In other cases, NVLSP’s litigation victories have involved a challenge to the legality of a VA or military department rule that adversely affects veterans seeking benefits. NVLSP’s most important successes in both class actions and challenges to government rules are chronicled in the Timeline of Achievement section of this report.
“We hope our government will now respect [its] legal obligations [and] that obstructionist bureau-cratic opposition will now cease, and our veterans will finally receive the benefits to which they are morally and legally entitled.”— U.S. Court of Appeals for the Ninth Circuit
Individual Representation for CAVC work
Another pathway we have used to remedy systemic government wrongdoing is through an individual lawsuit challenging the denial of a veteran’s particular benefits claim. NVLSP files more than 600 individual appeals each year in the U.S. Court of Appeals for Veterans Claims (CAVC) on behalf of a veteran or survivor denied benefits by the Board of Veterans’ Appeals (BVA). Some of these denials are due to a systemic practice of dubious legality.
For example, we noticed that the BVA based its denial of disability benefits to one of NVLSP’s clients on the fact that even though the veteran had suffered from the claimed disability for years after the claim was filed, the disability had resolved itself by the time — many years later — the BVA decided the veteran’s appeal. Because we knew the BVA often used this rationale to deny claims pending for many years, we asked the court to issue a precedential decision outlawing this practice. The court agreed, ruling that for any of our nation’s veterans to be eligible for disability benefits, the veteran need only suffer from the claimed disability during some part of the multi-year period between the date the claim was filed and the date the VA was ready to issue a final decision on the claim.
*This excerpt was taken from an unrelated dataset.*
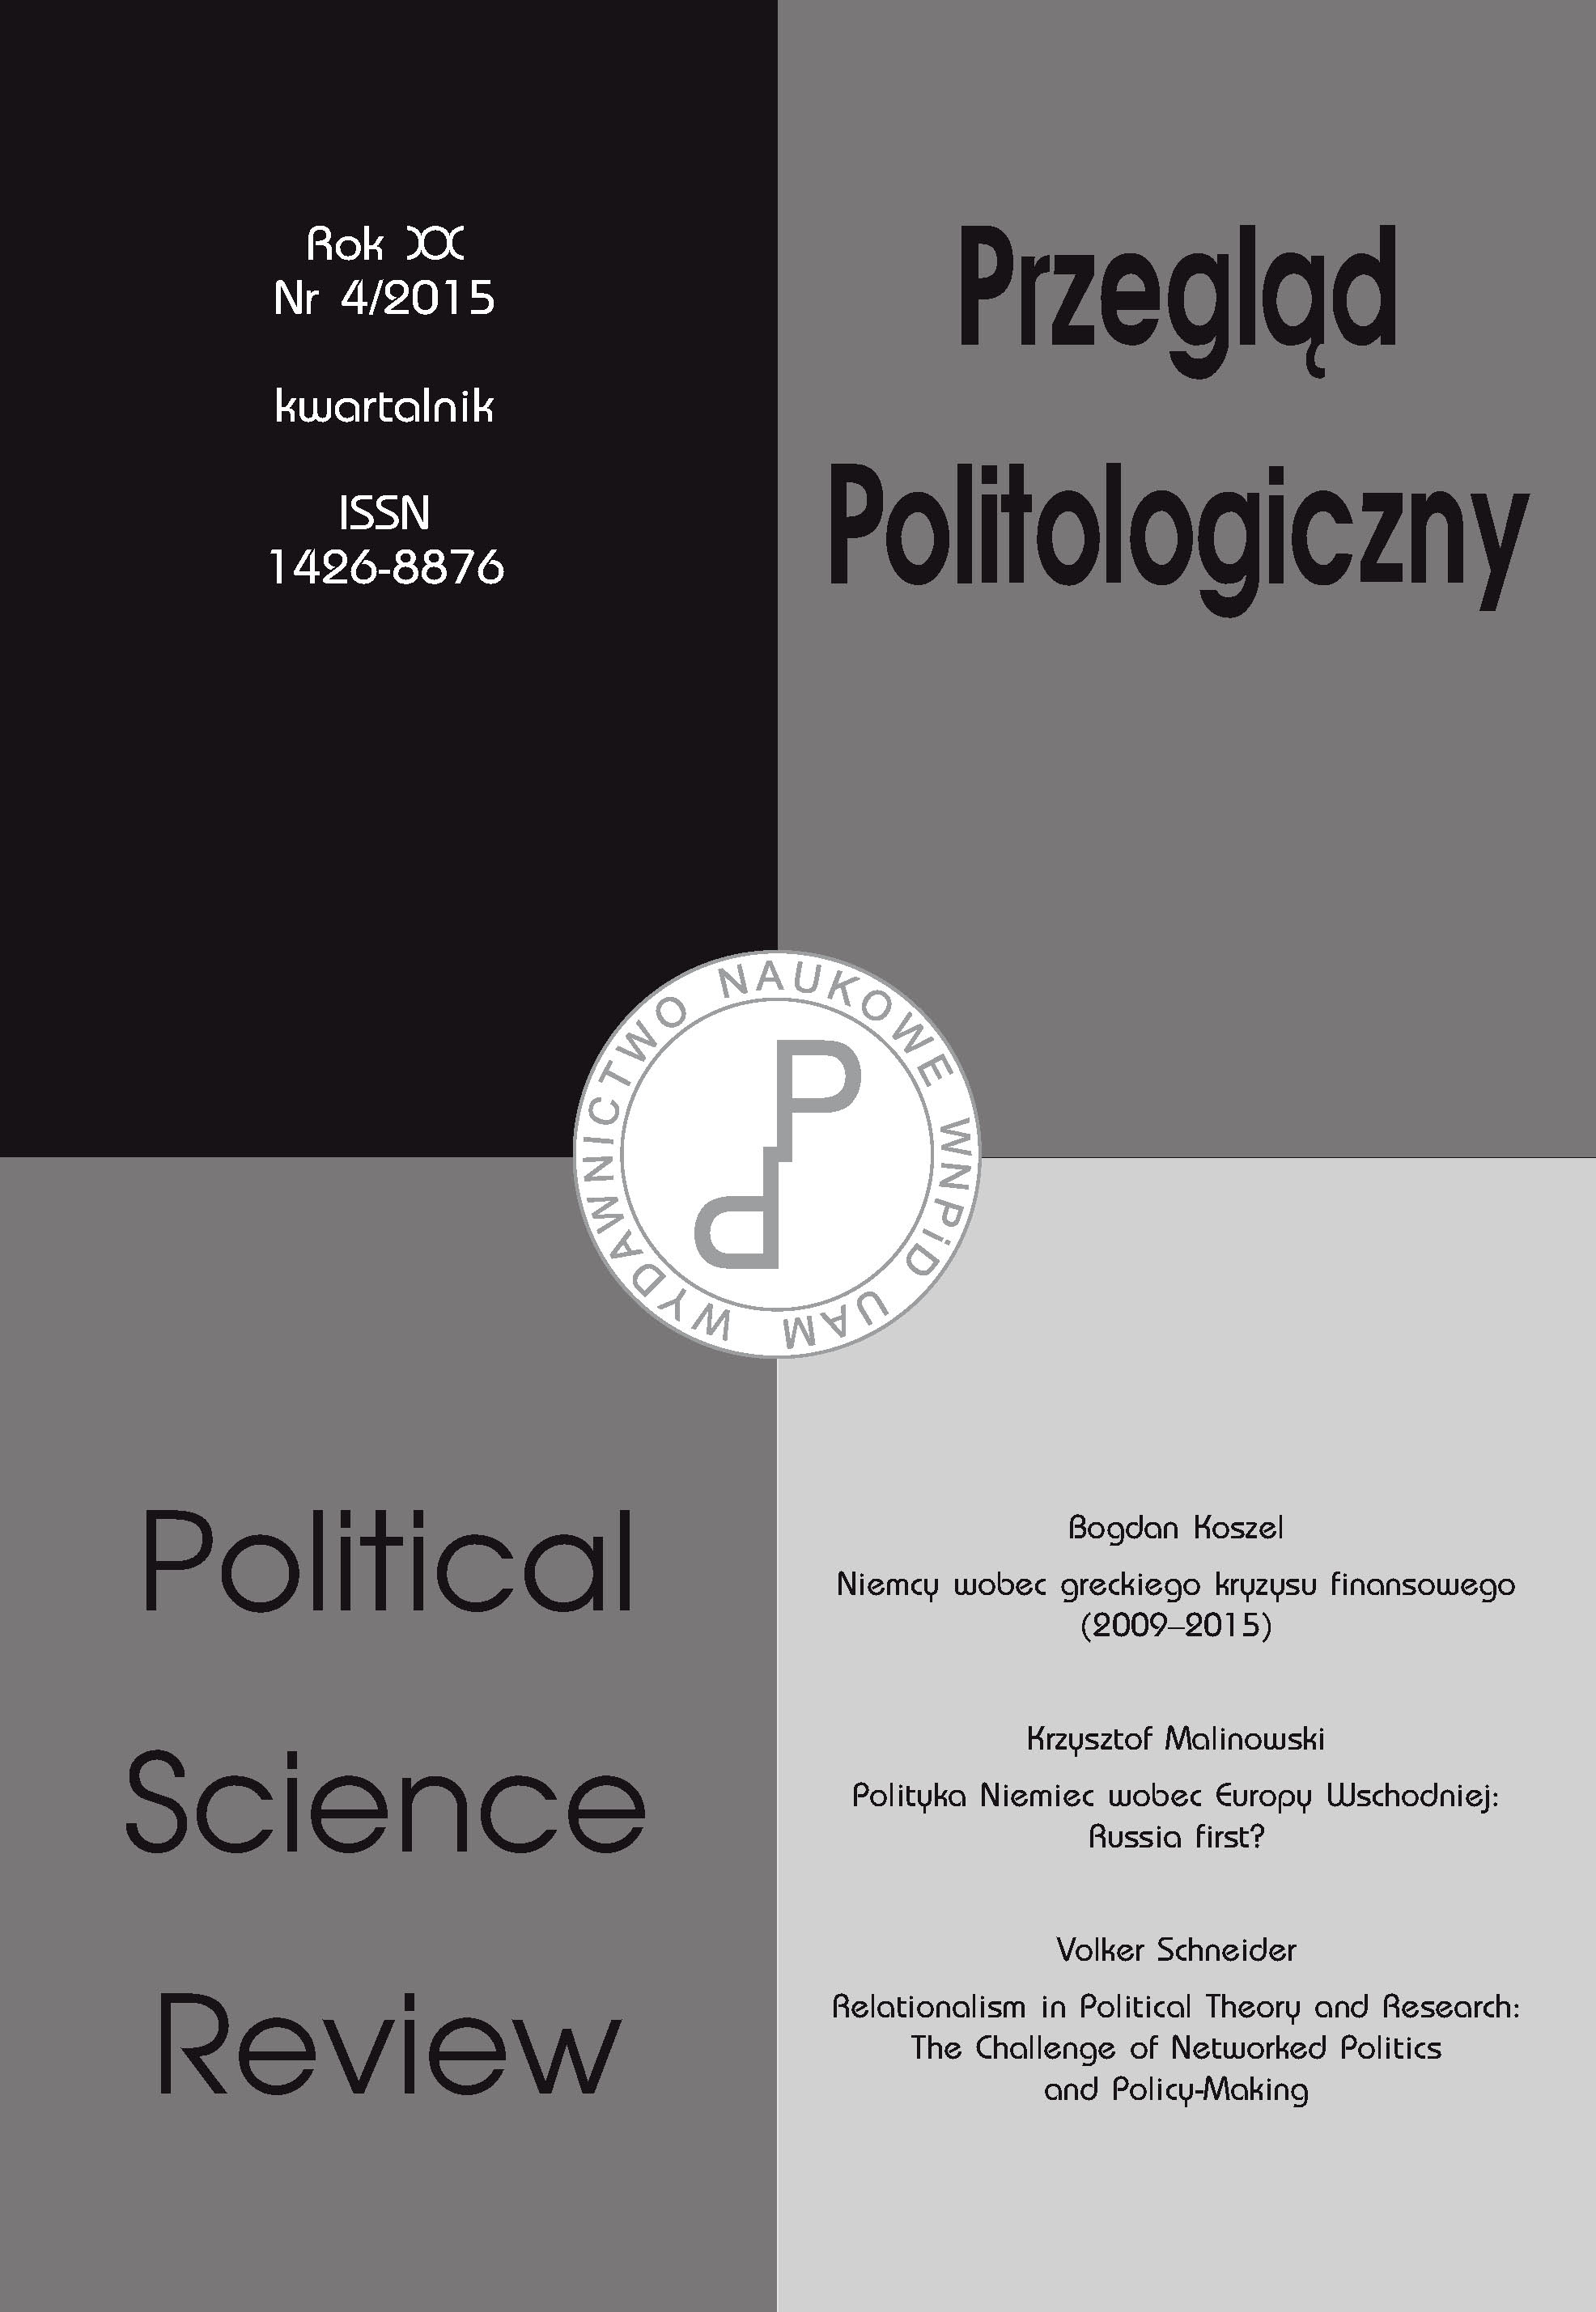 Relationalism in Political Theory and Research: The Challenge of Networked Politics and Policy-Making

A major development should expand NVLSP’s ability to challenge systemic government wrongdoing. In 1991, the newly created CAVC denied NVLSP’s petition that it adopt class action rules on the grounds that Congress had not provided it with authority to decide class actions. Twenty-five years later, in 2016, the Court of Appeals for the Federal Circuit ruled that the CAVC’s long-standing position was wrong; it has class action authority. NVLSP wasted no time in leveraging this important ruling by filing three different class actions challenging systemic VA rules and practices that violate the promise the government has made to disabled veterans.